A more contagious variant of the Chinese coronavirus first detected in the U.K. has surfaced in at least five states across the U.S., threatening to burden the already strained health care system further.
Joining at least 33 countries, health officials in Colorado (December 28), respectively followed by California (December 30), Florida (December 31), New York (January 4), and most recently Georgia (January 5), have documented their first case of the new strain. Most of those states have imposed strict mask mandates and lockdown measures, except Florida and Georgia.
On Wednesday, data posted on the official website of the U.S. Centers for Disease Control and Prevention (CDC) revealed the United States is home to at least 52 cases of the variant first identified in the U.K. — at least 26 new strain infections in California, 22 in Florida, two cases in Colorado, and one each in Georgia and New York.
CDC officials stressed that the 52 cases do not represent the total number of new variant infections circulating in the United States, but only those detected by analyzing Chinese coronavirus positive specimens. Not all of the infected take a test or end up in the hospital, particularly asymptomatics.
The CDC conceded that its tally might not immediately match those reported by state and local officials.
There are likely many more cases in the United States, experts reportedly say. Many of them have blasted the country for not boosting virus samples’ genetic sequencing to surveil for mutations. According to the CDC, it is “ramping up” sequence-based strain surveillance.
Several nations have also detected an additional variant, first identified in South Africa, that also appears to spread more easily. U.S.-based health officials have not yet found that strain on American soil.
The new variants emerged in the fall of 2020, CDC noted in a webpage last updated on Sunday. Currently, there is no evidence that the new strains increase the severity of the illness or intensify the risk of death, the CDC said, echoing the World Health Organization (W.H.O.), a United Nations entity.
Dr. Henry Walke, the incident manager for the CDC’s coronavirus response, told reporters last week:
We don’t know how widely the variant first identified in the U.K. has spread in the United States. We don’t know if the other variant that was first identified in South Africa is in the United States. We also still don’t know how widely these two new variants have spread elsewhere around the world.
During the same press briefing, Dr. Henry Walke, the incident manager for the CDC’s coronavirus response, added:
Because the variants spread more rapidly, they could lead to more cases and put even more strain on our heavily burdened health care systems. … We expect to see new variants emerge over time. Many mutations lead to variants that don’t change how the virus infects people.
The U.S. has reported a record number of infections, hospitalizations, and deaths in recent weeks, putting a strain on an already overburdened health system.
In a blog post, Dr. Ashish Jha, the dean of Brown University’s School of Public Health, wrote the new strain that originated in the U.K. would be behind the majority of new infections by March.
“The new strain is estimated to represent about 1% of all infections [in the U.S.] at this moment, but because of its increased contagiousness, the best estimates are that it will become a majority of all new infections by March,” Dr. Jha noted.
While more data is needed, the CDC and W.H.O. believe there is no current evidence the new strains will reduce the vaccines’ efficacy.
The coronavirus would “likely need to accumulate multiple mutations in the spike protein to evade immunity induced by vaccines or by natural infection,” the CDC noted.
Dr. Armstrong further explained:
From what we know from experience with this mutation and other mutations is that it’s unlikely to have a large impact on vaccine-induced immunity or on an existing immunity from previous strains. We do know that some of these mutations can result in reduced efficacy of [therapeutic agents such as] monoclonal antibodies … So the experts are generally in consensus that mutations like this are unlikely to cause a large impact on the neutralization [of the virus].
None of the individuals infected in the United States have a travel history, suggesting that the disease is already spreading from person to person inside the country.

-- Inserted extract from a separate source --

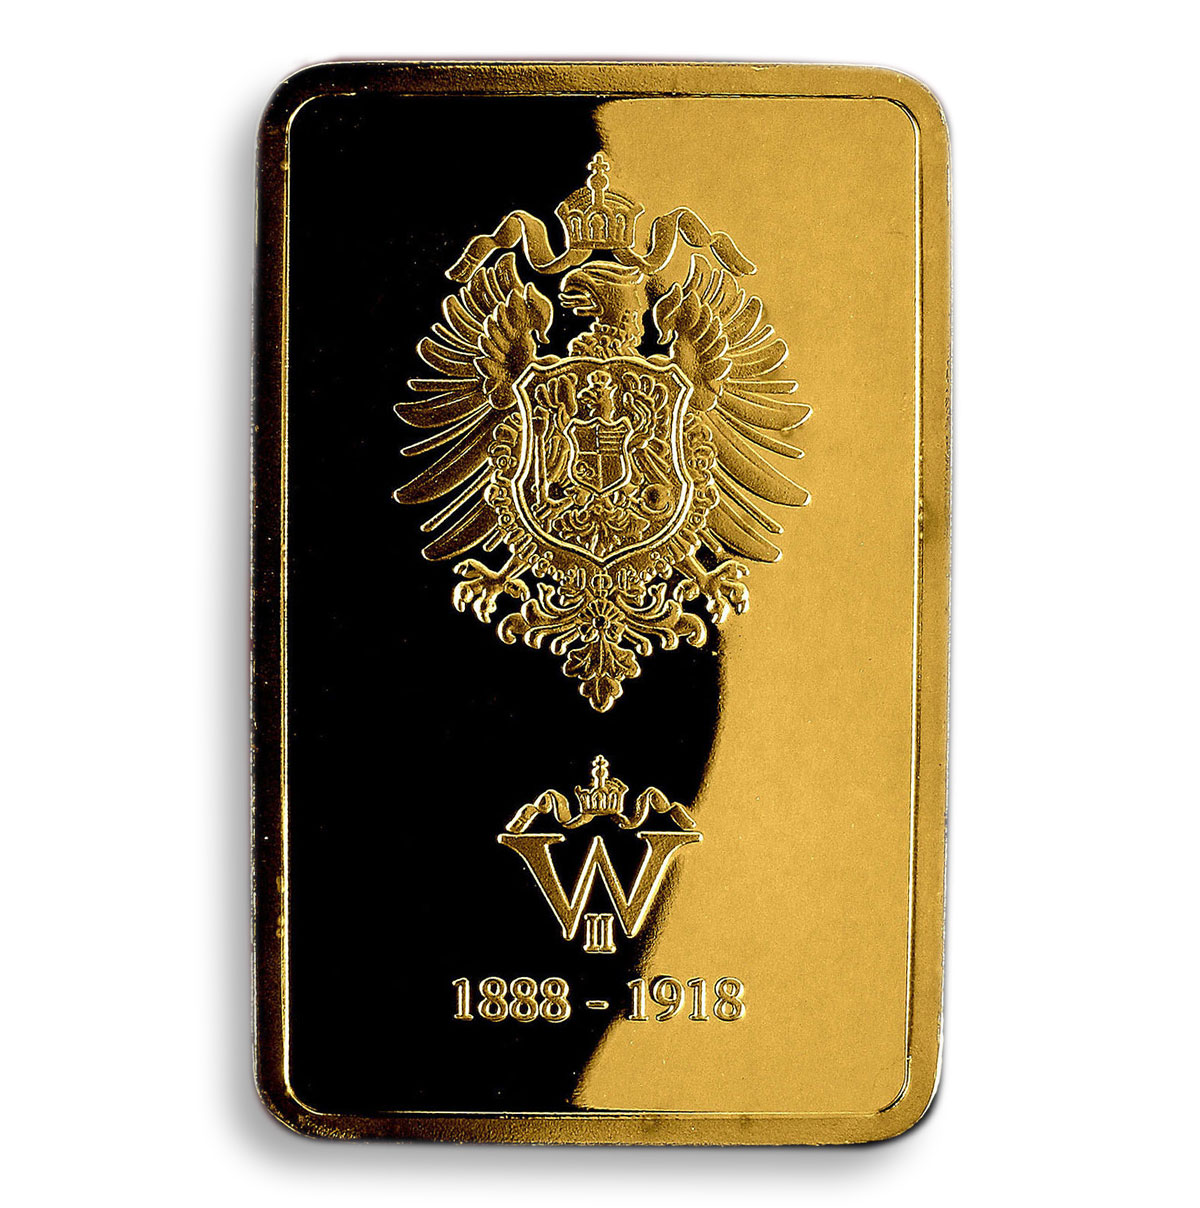 Germany, Deutsche Kaiser, Germany, Wilhelm II, Gold Plated bar, 1888-1918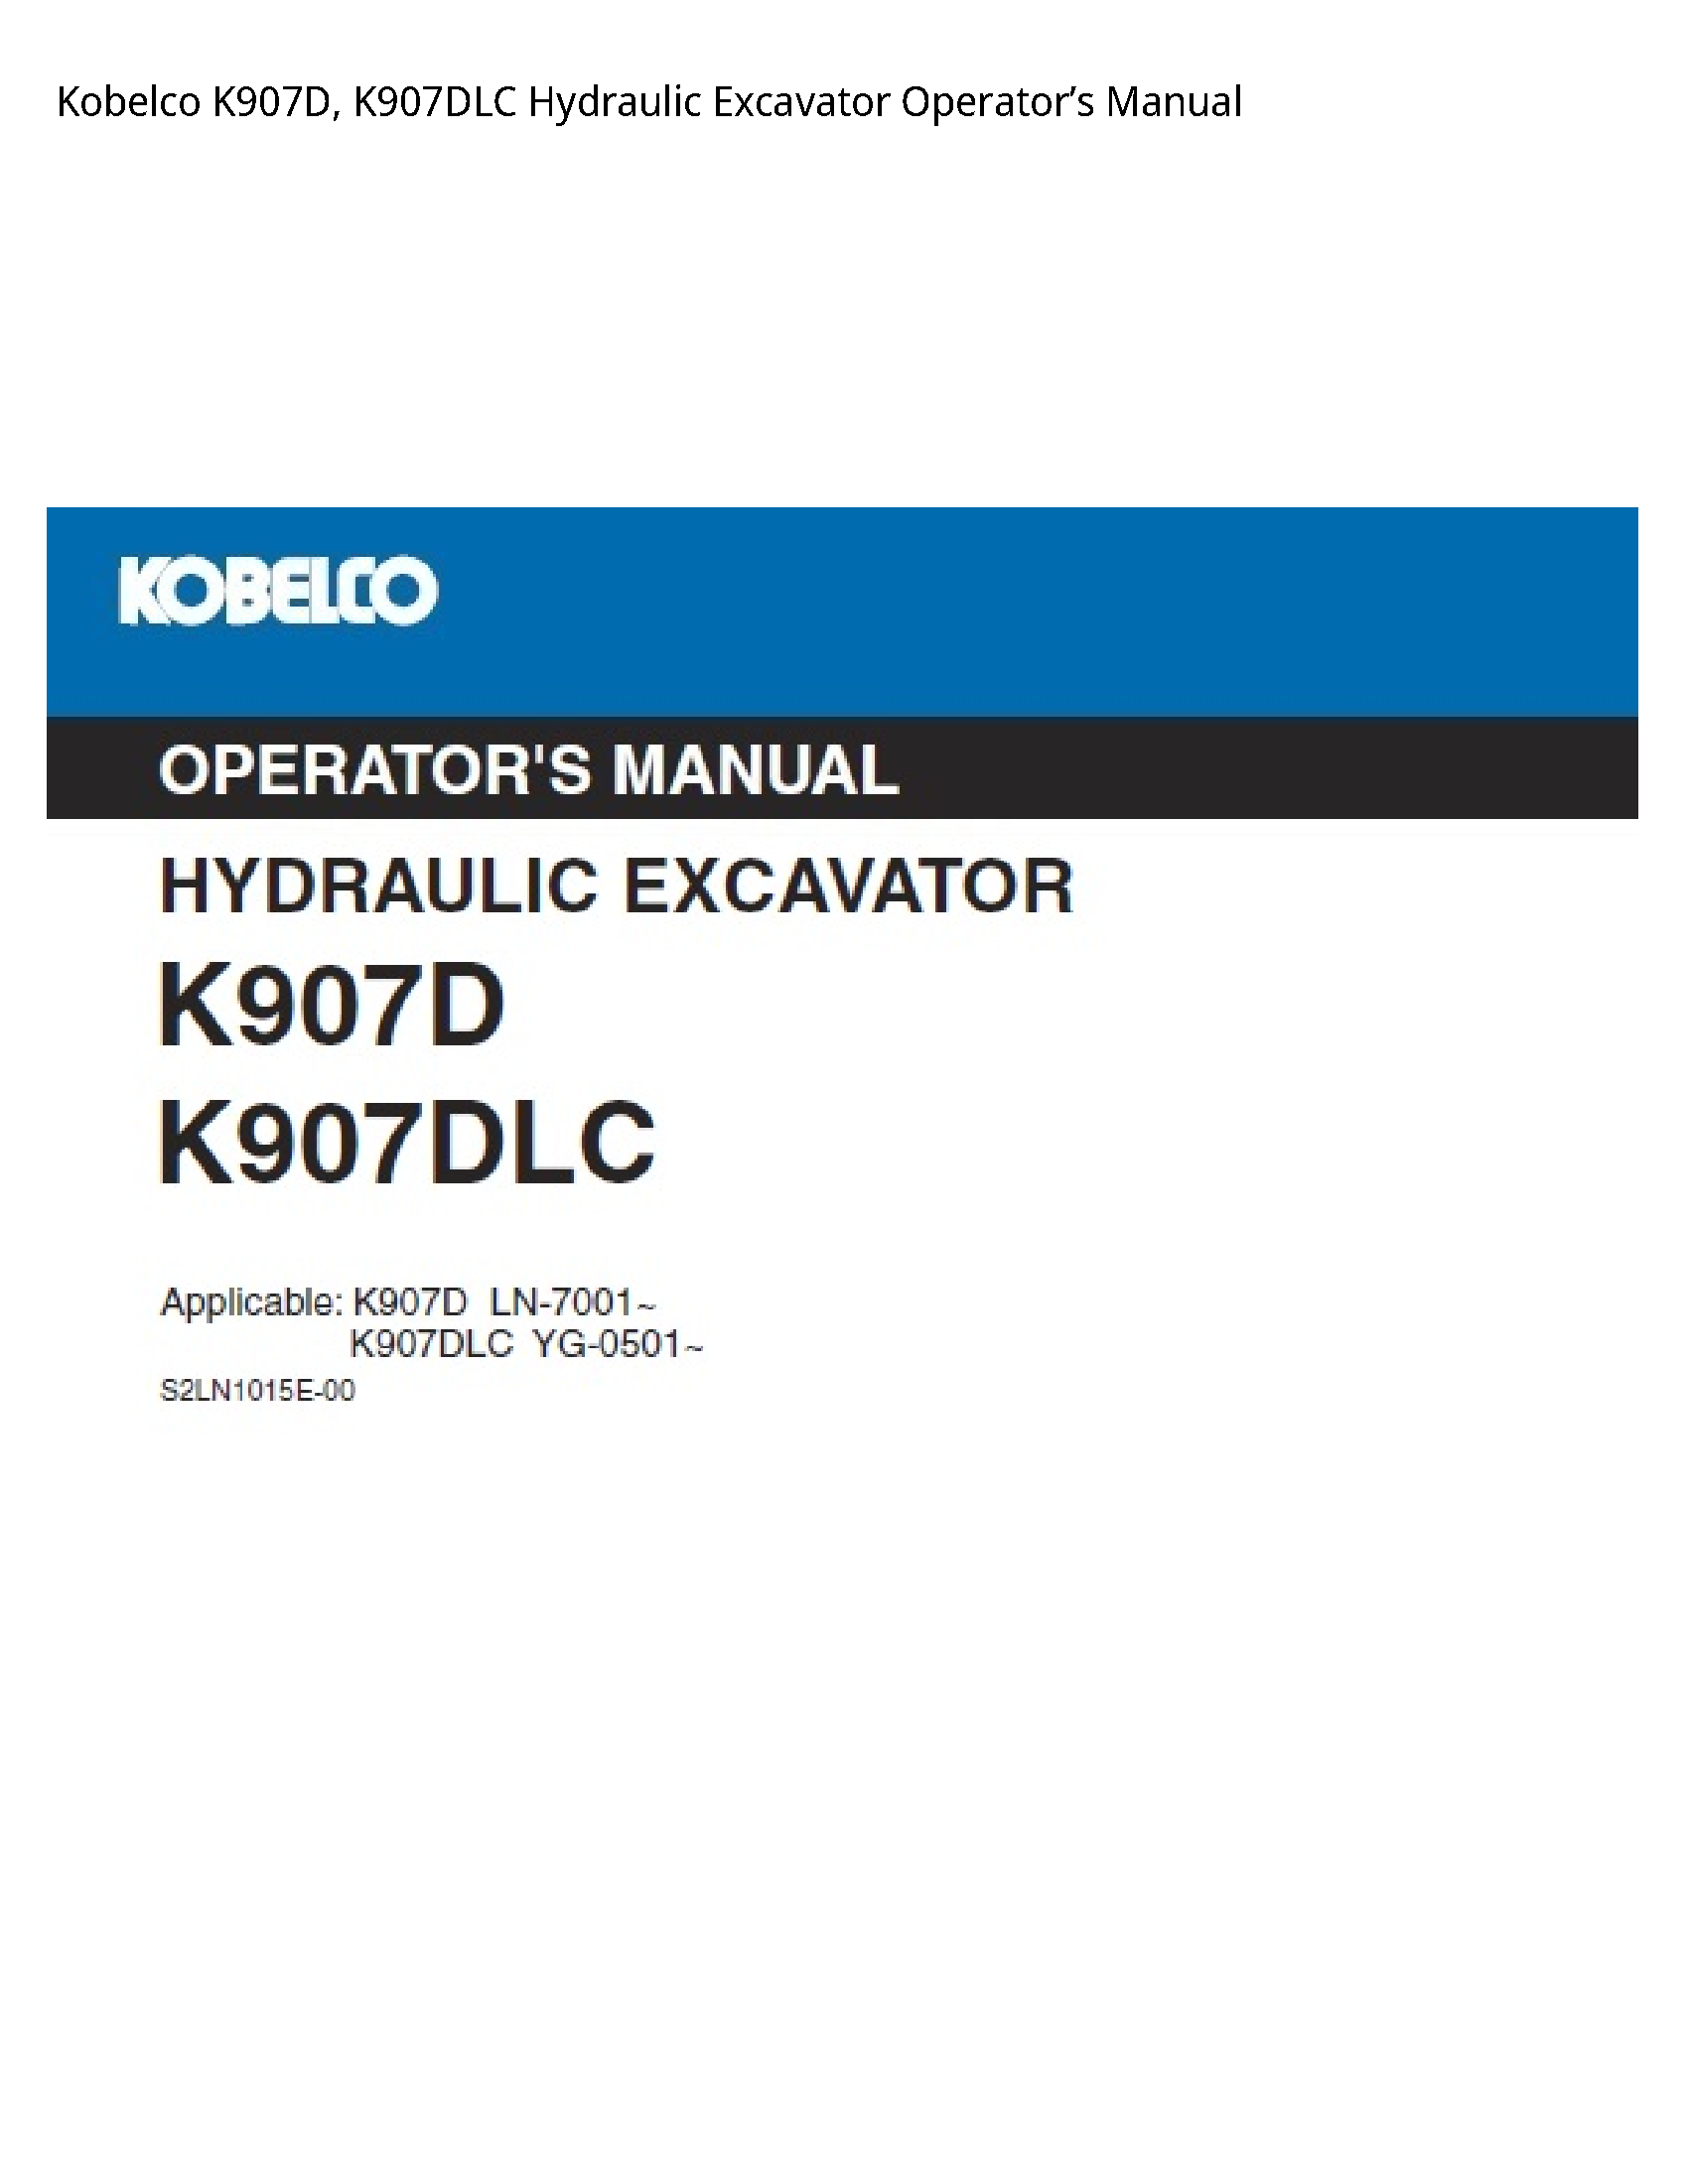 Kobelco K907D Hydraulic Excavator Operator’s manual

USA Today reported on Tuesday:
The [new] strain [first detected in the U.K.] has been detected in at least 33 countries, including Australia, Belgium, Brazil, Canada, Chile, China, Denmark, Finland, France, Germany, Iceland, India, Ireland, Israel, Italy, Japan, Jordan, Lebanon, Malta, The Netherlands, Norway, Pakistan, Portugal, Singapore, South Korea, Spain, Sweden, Switzerland, Taiwan, Turkey, the United Arab Emirates, the United Kingdom and the United States.
Health officials in Nigeria have detected a third strain, but the CDC says there is no evidence it is more severe or more transmissible than the original virus.